Vor 80 Jahren: Der Krieg, den außer Hitler niemand wollte

Hitlers Worte vor dem Reichstag markierten vor 80 Jahren den Beginn des Zweiten Weltkriegs. Verleger German Vogelsang – damals Bayern-Redakteur – schrieb vor 40 Jahren einen bemerkenswerten Beitrag, den wir nachstehend wiedergeben.

Führer und Reichskanzler Adolf Hitler begründet in seiner Rede vor dem Reichstag in Berlin am 1. September 1939 den Angriff auf Polen. Hitler, in Soldatenuniform, vermeidet das Wort Krieg und erklärt, dass die Wehrmacht auf polnische Aggression hin zurückgeschossen hätte.
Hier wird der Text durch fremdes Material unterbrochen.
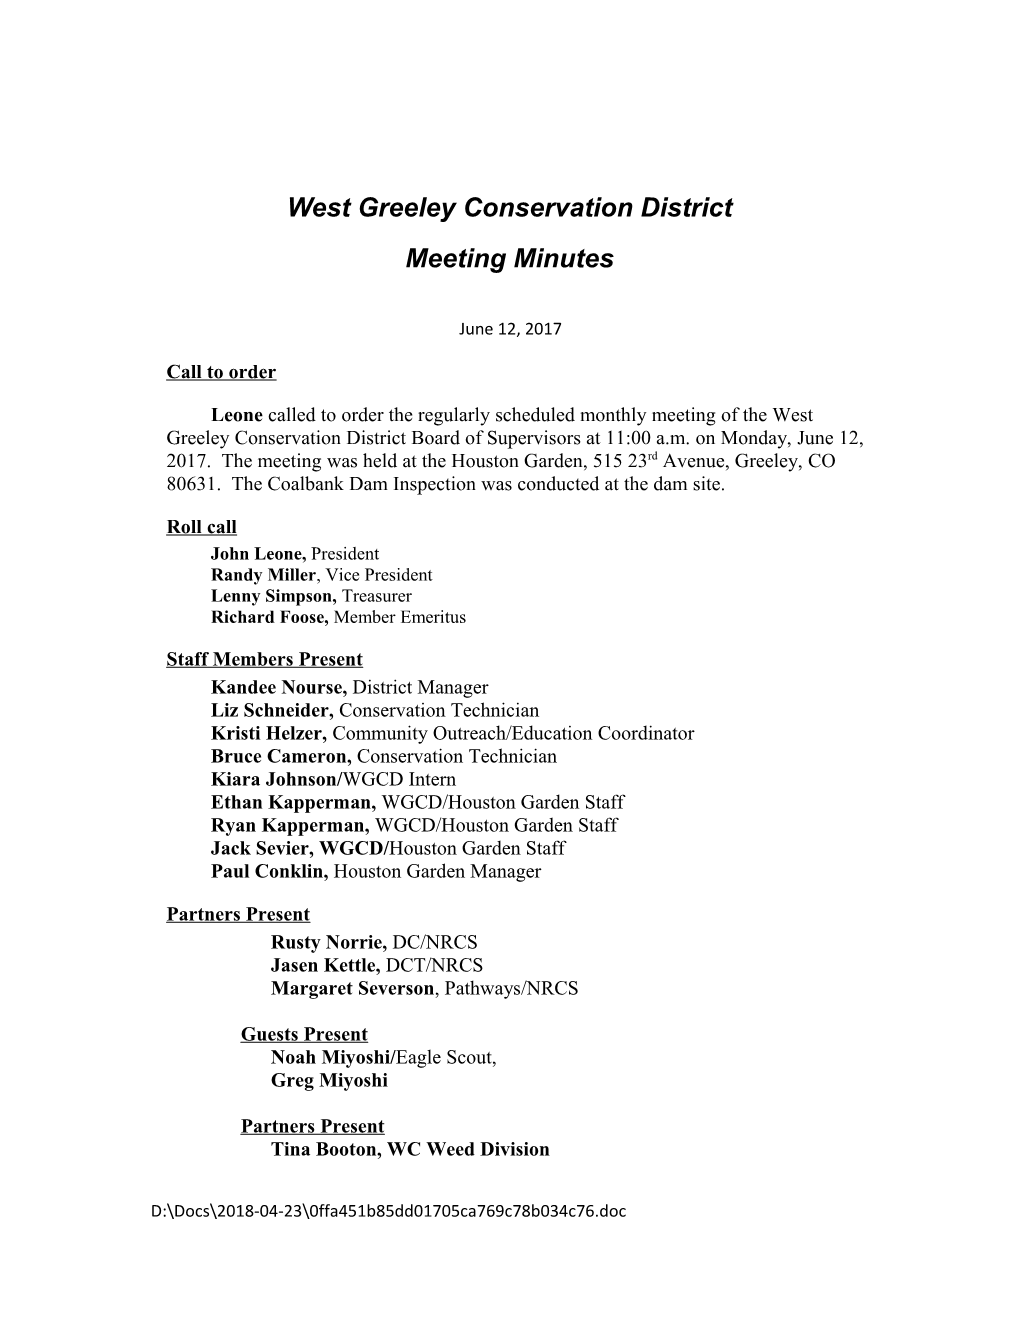 West Greeley Conservation District s2

"Seit 5.45 Uhr wird jetzt zurückgeschossen!" Diesen kurzen, schicksalsschweren, zerstörerischen Satz schleuderte Adolf Hitler am 1. September 1939 dem Reichtstag in Berlin entgegen. Und allein in diesem Satz steckten ein kleiner Fehler (denn der Polenfeldzug begann eine Stunde früher, also um 4.45 Uhr) und eine große Lüge, die Kriegslüge, die den Weltbrand auslöste, der schließlich Europa verwüstete und zu einem Gebeinhaus des Todes machte. Von "Zurückschießen" konnte keine Rede sein. Die Zwischenfälle an der östlichen Reichsgrenze und die kurzfristige "polnische Besetzung" des Senders Gleiwitz - auslösende Momente für den Kriegsbeginn - waren durch den Sicherheitsdienst Reinhard Heydrichs unter der Bezeichnung "Unternehmen Tannenberg" selbst inszeniert worden.
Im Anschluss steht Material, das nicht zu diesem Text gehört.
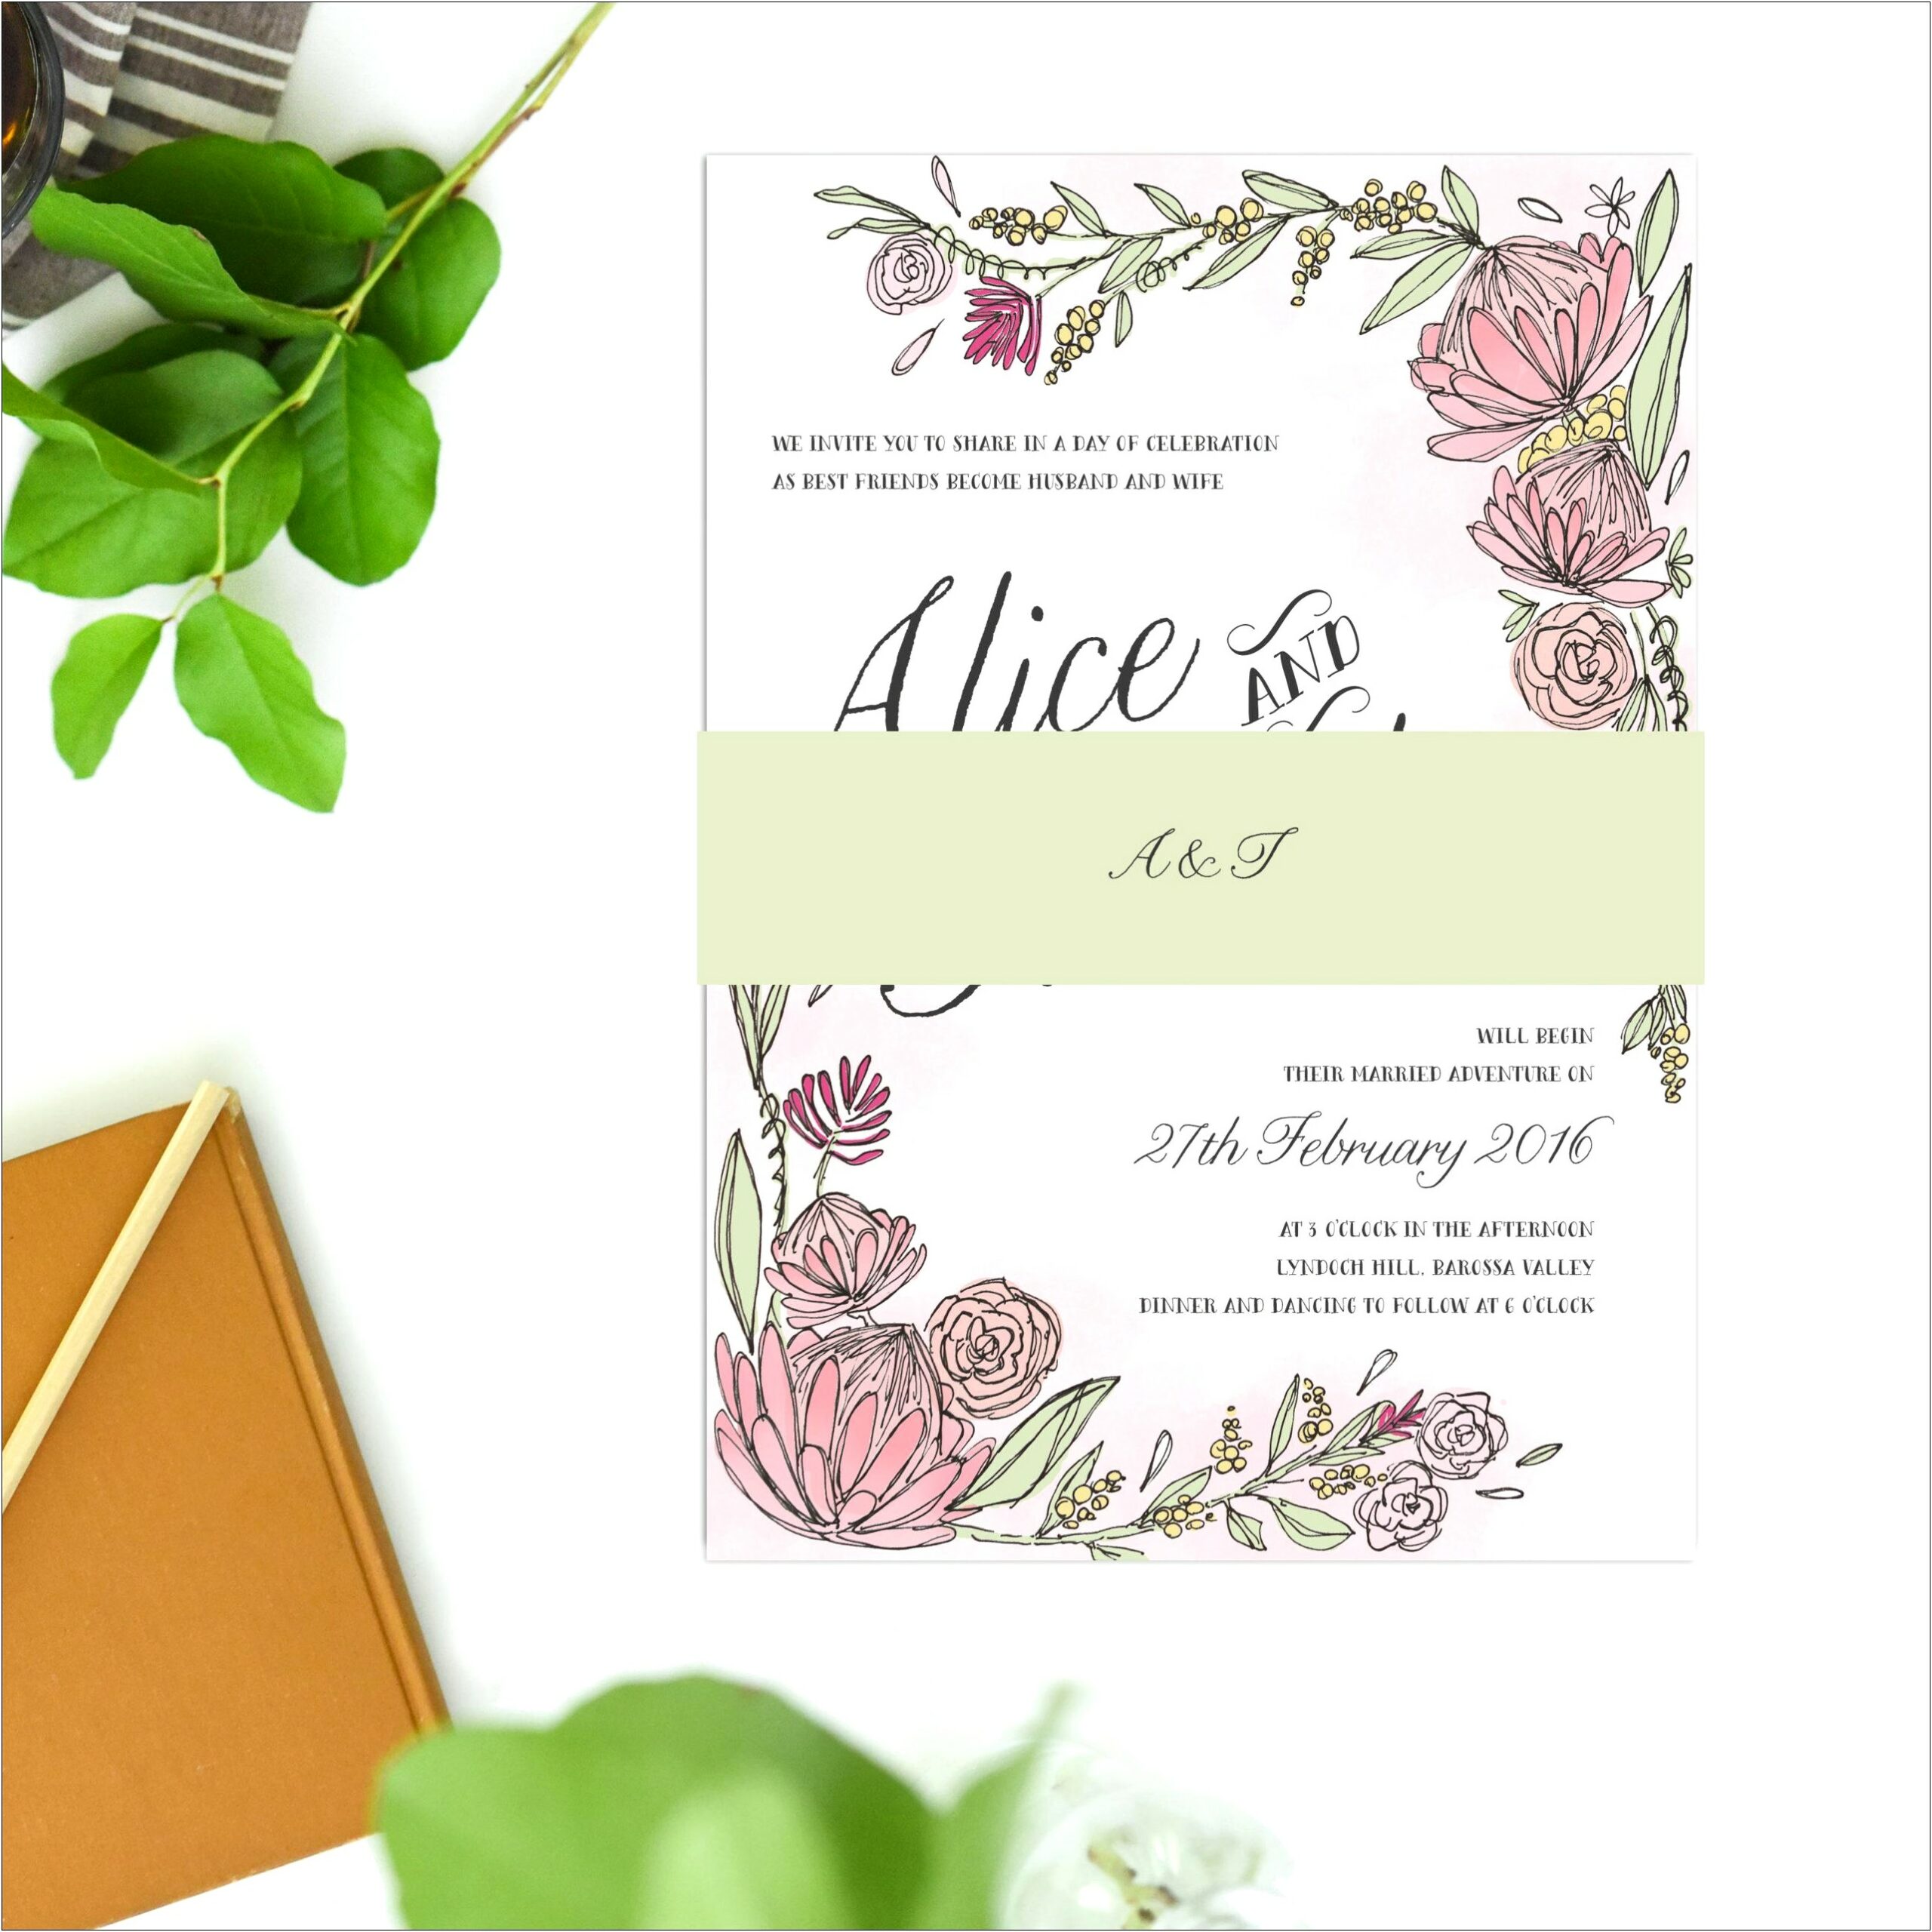 Best Friends Become Husband And Wife Wedding Invitation

Es ist sinnlos, Hitler nur zu dämonisieren, als luziferischen Teufel, der er sicher war, als das Böse an sich, das er auch war, auszustellen, wie das deutsche Geschichtsschreibung - etwas hilflos - in den ersten Jahrzehnten nach Ende des Zweiten Weltkrieges getan hat. Hitler war schließlich auch gewählt worden. Mit moralischer Abscheu allein ist es nicht getan. Er konnte schließlich ein Volk von 75 Millionen in den Krieg treiben. Die Ursachen dafür waren freilich vielfältig. Geeinigt hat man sich heute auf folgende Gründe: Da war der Versailler Vertrag mit seinen erbarmungslosen, phantasielos engstirnigen und drakonisch hartherzigen Bedingungen; da war die Weltwirtschaftskrise, die drückende Armut verbreitete, da war Heinrich Brünings Deflationspolitik, der kein kurzfristiger Erfolg beschieden war und die nur eines vermehrte: Arbeitslosigkeit, Hunger und Unzufriedenheit. Die Entwicklung wurde nicht mehr steuerbar, sie lief dem Staat aus dem Ruder.
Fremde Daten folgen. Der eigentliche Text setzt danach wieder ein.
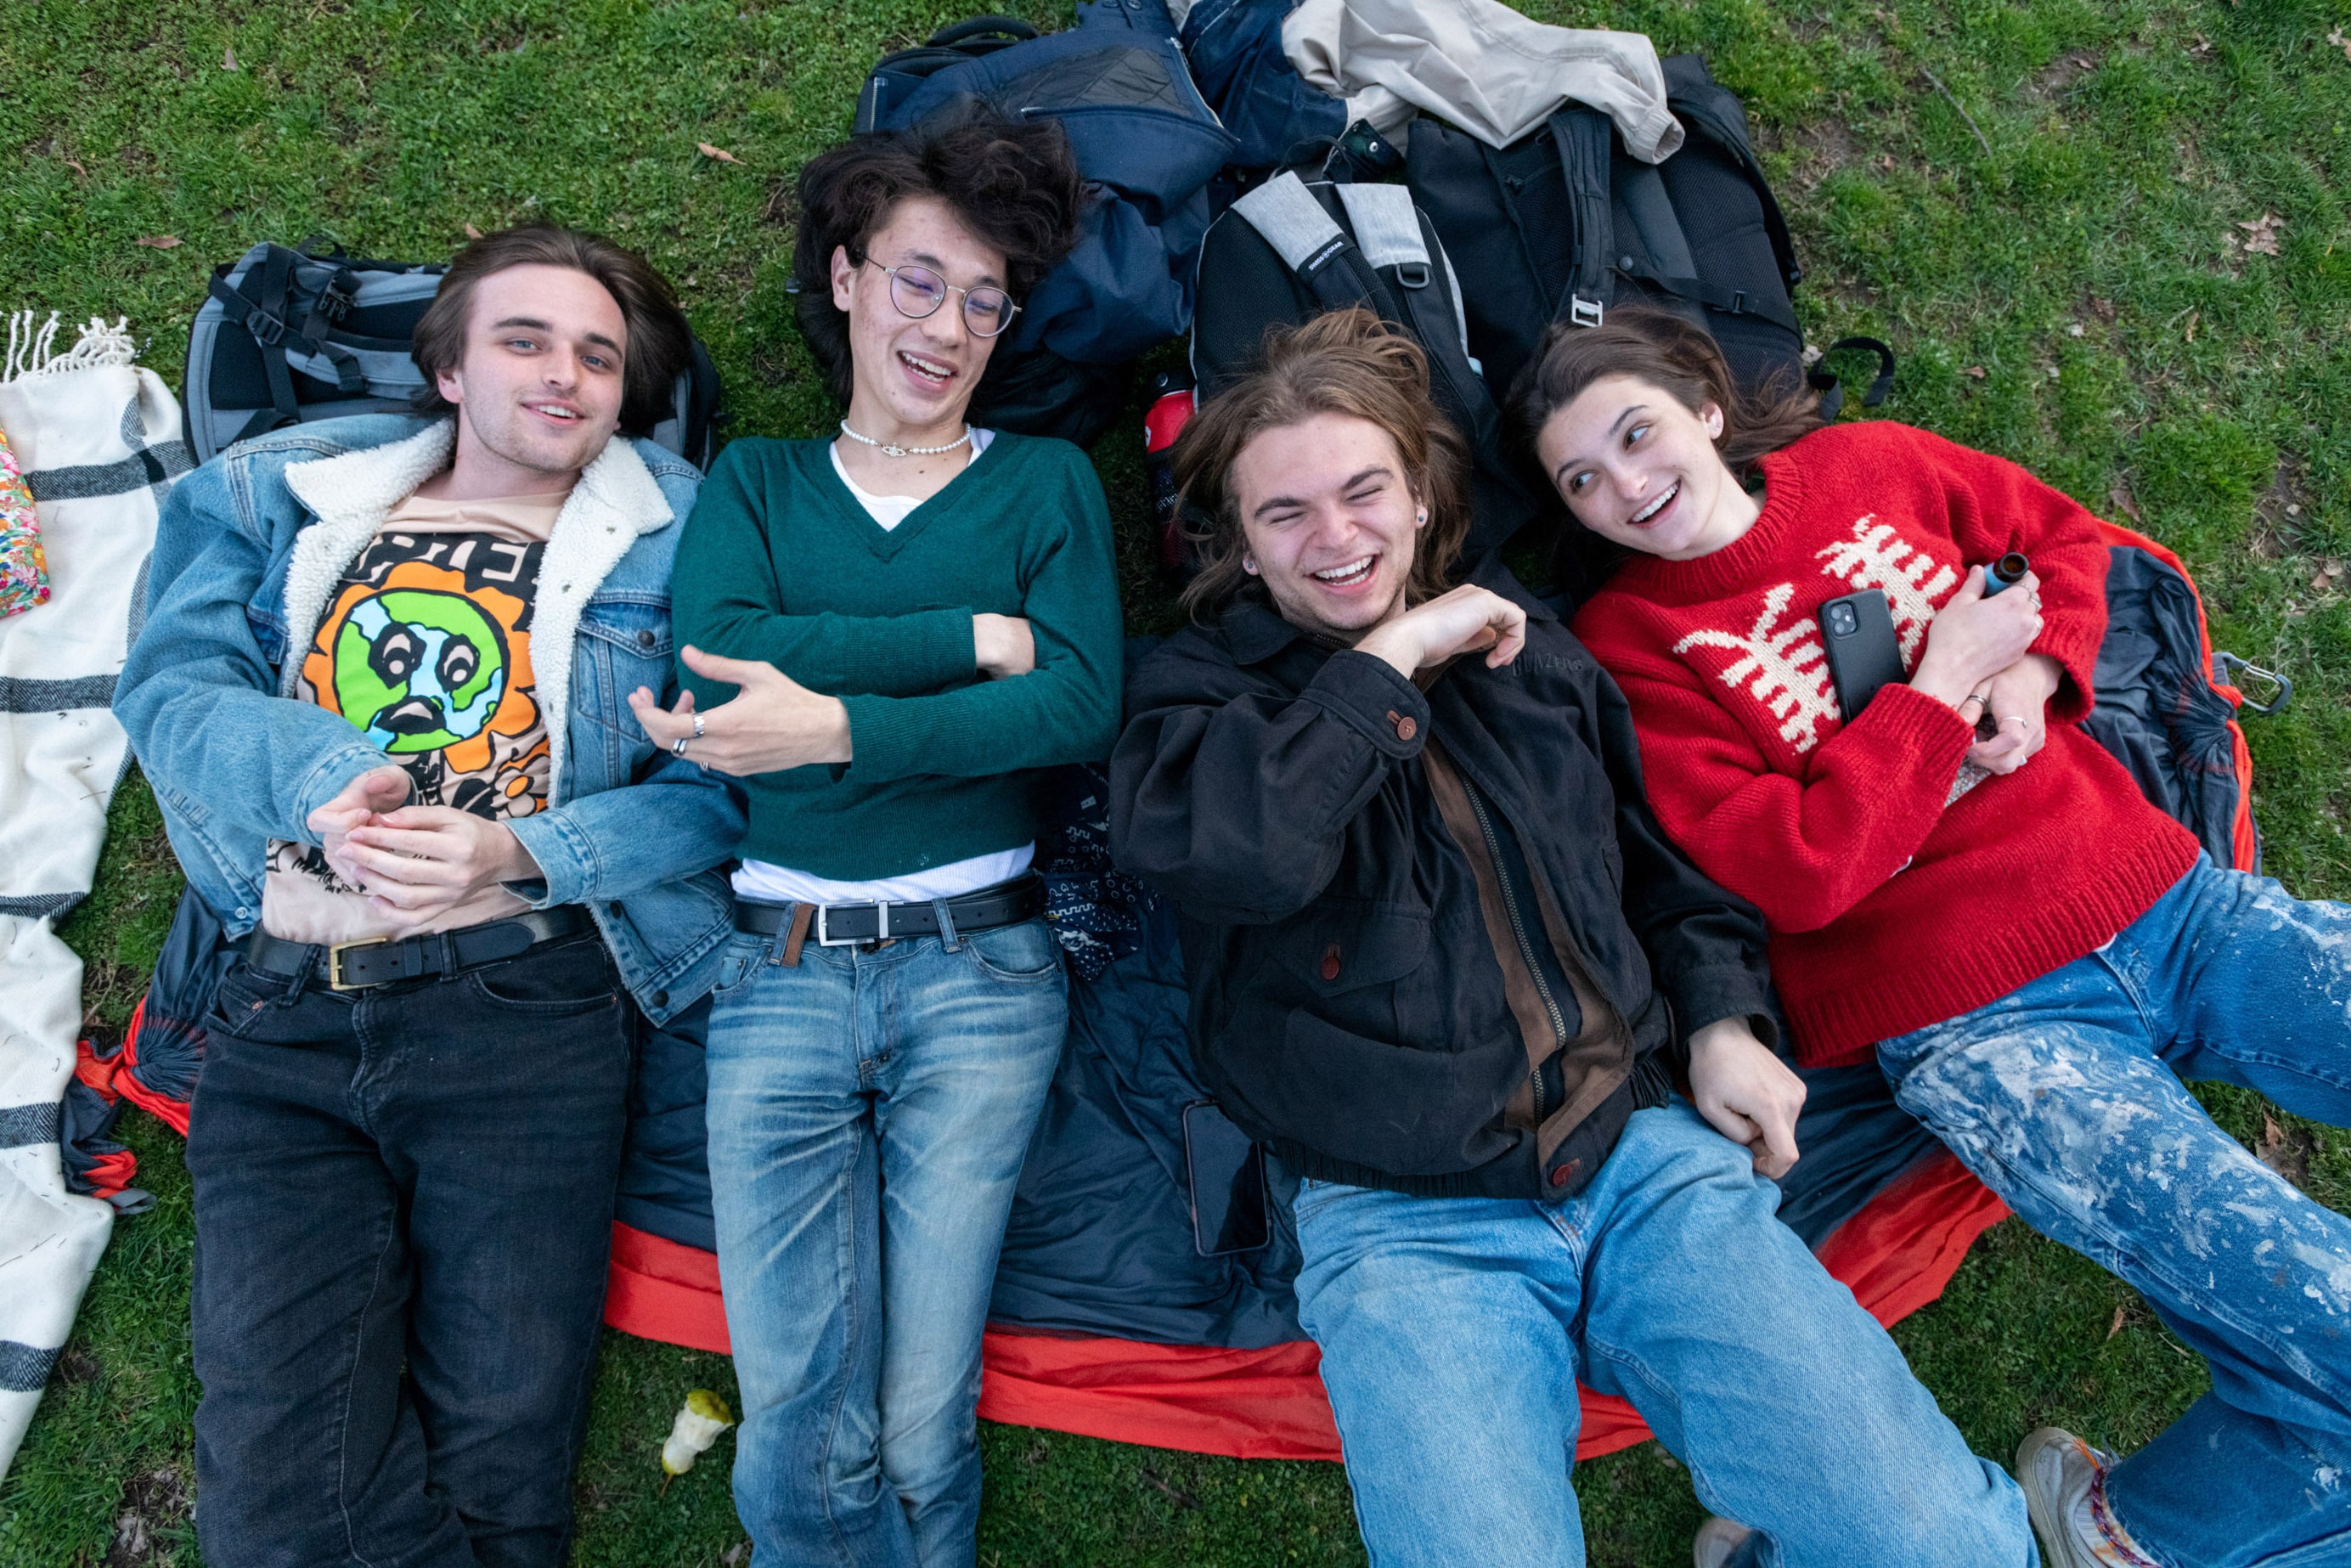 Four students lie on a blanket spread on the grass

Aber zurück zum Spätsommer des Jahres 1939. Der "Führer" hatte systematisch die Grundlagen für einen Angriffskrieg geschaffen, hatte seit Mitte der dreißiger Jahre die Rüstungsindustrie in beispielloser Weise angeheizt. Hitler war immer dreister geworden, ein gieriger und gefräßiger Moloch, der vor nichts mehr haltmachen mochte und wohl auch nicht mehr konnte.

1938 wurde Österreich "heim ins Reich" geholt, danach die "Sudetendeutsche Frage" gelöst, die Westmächte in eine demütigende, beschämende und auch verräterische Rolle beim "Münchner Abkommen" getrieben: Das hehre, hochstolze England zumal, dessen Premier Neville Chamberlain zur Rettung des Friedens Entgegenkommen und Nachgiebigkeit bis zur eigenen Charakterunkenntlichkeit gezeigt hatte. Als tatsächlich alles ausgereizt schien, brachen die braunen Schergen auch noch das Münchner Abkommen, löschten die Tschechoslowakei als autonomen Staat aus. Am 23. August vernahm eine staunende, vor allem aber beklommene Welt, dass die beiden großen Diktatoren, Hitler und Josef Stalin, ein Abkommen trafen. Es war ein Nichtangriffspakt, dessen geheime Zusatzprotokolle Polen als Angriffsobjekt und Kriegsbeute zum Ziele hatten.

Hitler jedenfalls hatte schon früh, definitiv aber am 5. November 1937 den Spitzen der Wehrmacht klargemacht, dass es zur Lösung der Frage des "Lebensraumes für das deutsche Volk" nur den Weg der Gewalt geben könne. Im Mai 1939 wiederholt er ohne Umschweife: "Danzig ist nicht das Objekt, um das es geht ... Es entfällt also die Frage, Polen zu schonen, und es bleibt der Entschluss, bei erster passender Gelegenheit Polen anzugreifen." Die passende Gelegenheit war dann jener 1. September. Das Absurde der Historie war: Niemand wollte diesen Krieg, die deutsche Generalität nicht, das deutsche Volk nicht - niemand in Europa! Nur Hitler wollte. Und er bekam, was er wollte. Nach dem Überfall auf Polen stellten England und Frankreich ein auf zwei Tage befristetes Rückzugsultimatum, das am 3. September ablief und zur Kriegserklärung an Deutschland führte. Der Polenfeldzug war am 6. Oktober beendet. Die Sowjetunion - am 17. September in Ostpolen einmarschierend - und Deutschland teilten sich die Beute ihres Überfalls.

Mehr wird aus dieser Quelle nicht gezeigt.